Tuesday, February 15, 2005

Conflict of interests.


Mrs Young at the Elders.

Mr Smith was a retired minister. He had taught at a private school, and had been dismissed. He was now a dishwasher and a part time gardener in an oldfolks home. Every Sunday he went up to Westminster cathedral to listen to the choirboys sing. He liked their high tennor voices.

The other passion in his life was potatoes. He liked saying Maris Piper, Record, and King Edward. He knew all about wireworm and blight, and he kept a keen eye on the potato shaws, and admired the sheen and health of the leaves. He regarded potatoes and choirboys with the same rapt gaze.

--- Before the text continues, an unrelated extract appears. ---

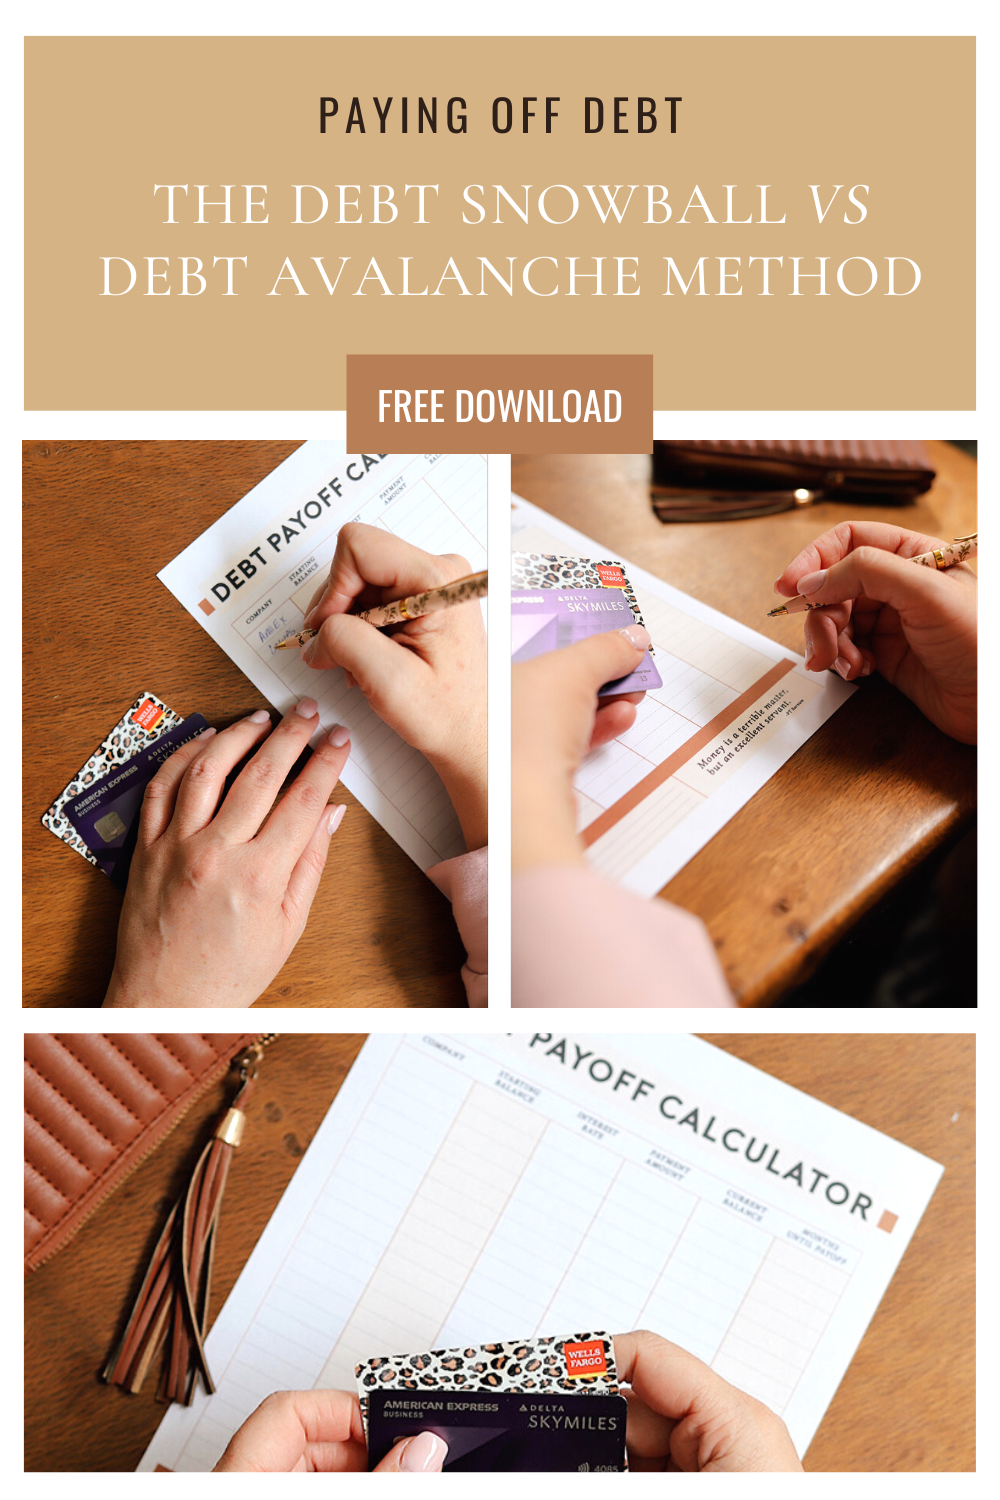 payoff your debt - free debt calculator download

Mrs Young was the same age as Mr Smith and she loved flowers. She was frail and couldn't do any heavy digging and she would always ask me to prepare a flower bed for her. She liked to surround herself with cut flowers. She liked the scent. She liked the colour. In the big house the splashes of colour in the corridors, and the fragrances over the fireplace, were evidence that Mrs Young had been about her work. Sweet peas, Wallflower, and the climbing rose Zephirine Drouhin were her favourites. She always said the scent from that rose was better than a meal.

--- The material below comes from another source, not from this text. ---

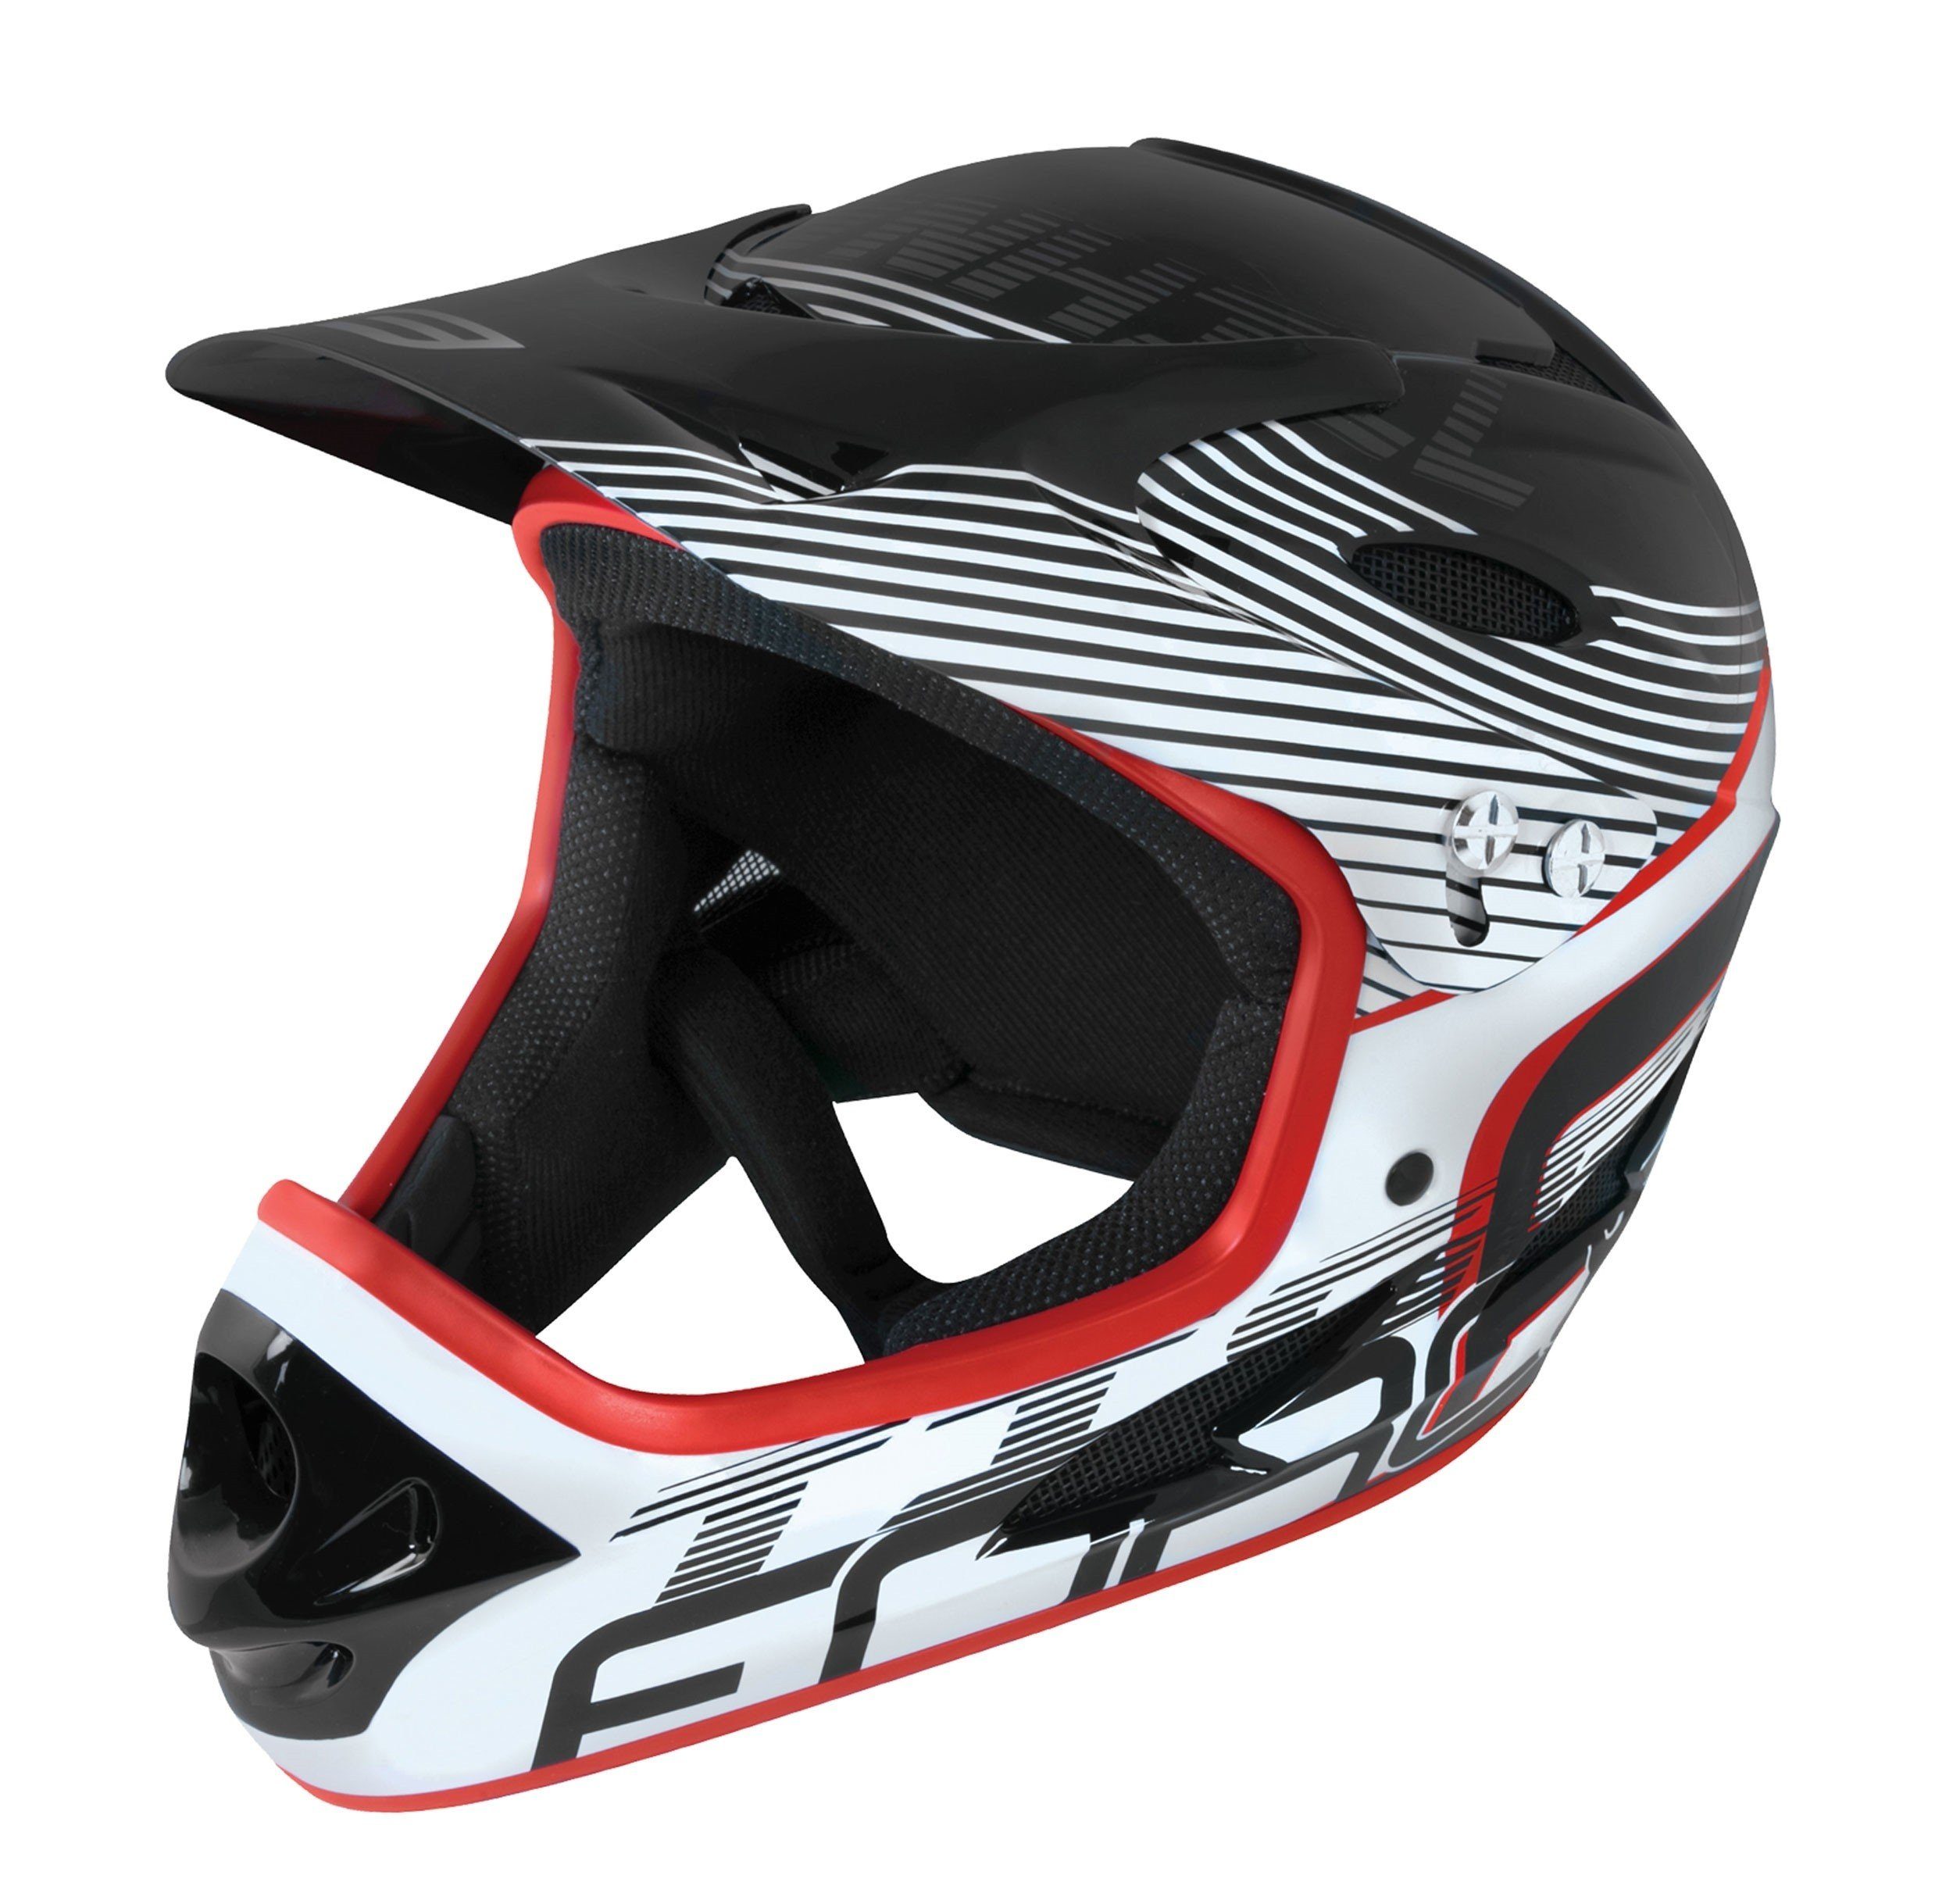 FORCE Fahrradhelm Downhill Helm FORCE TIGER black-red-white S-M

Mr Smith also required my services to double dig his trenches for his early potatoes. There was a constant pull between potatoes and flowers, between male and female, between function and frivolity, between formality and abandonment. One day Mr Smith took me aside and said he was going to let me into a great secret and he drew me close and whispered in my ear "You can't eat flowers in the winter". Mrs Young who had been observing this took her secateurs and cut me a perfect single rose and presented it to me with a smile.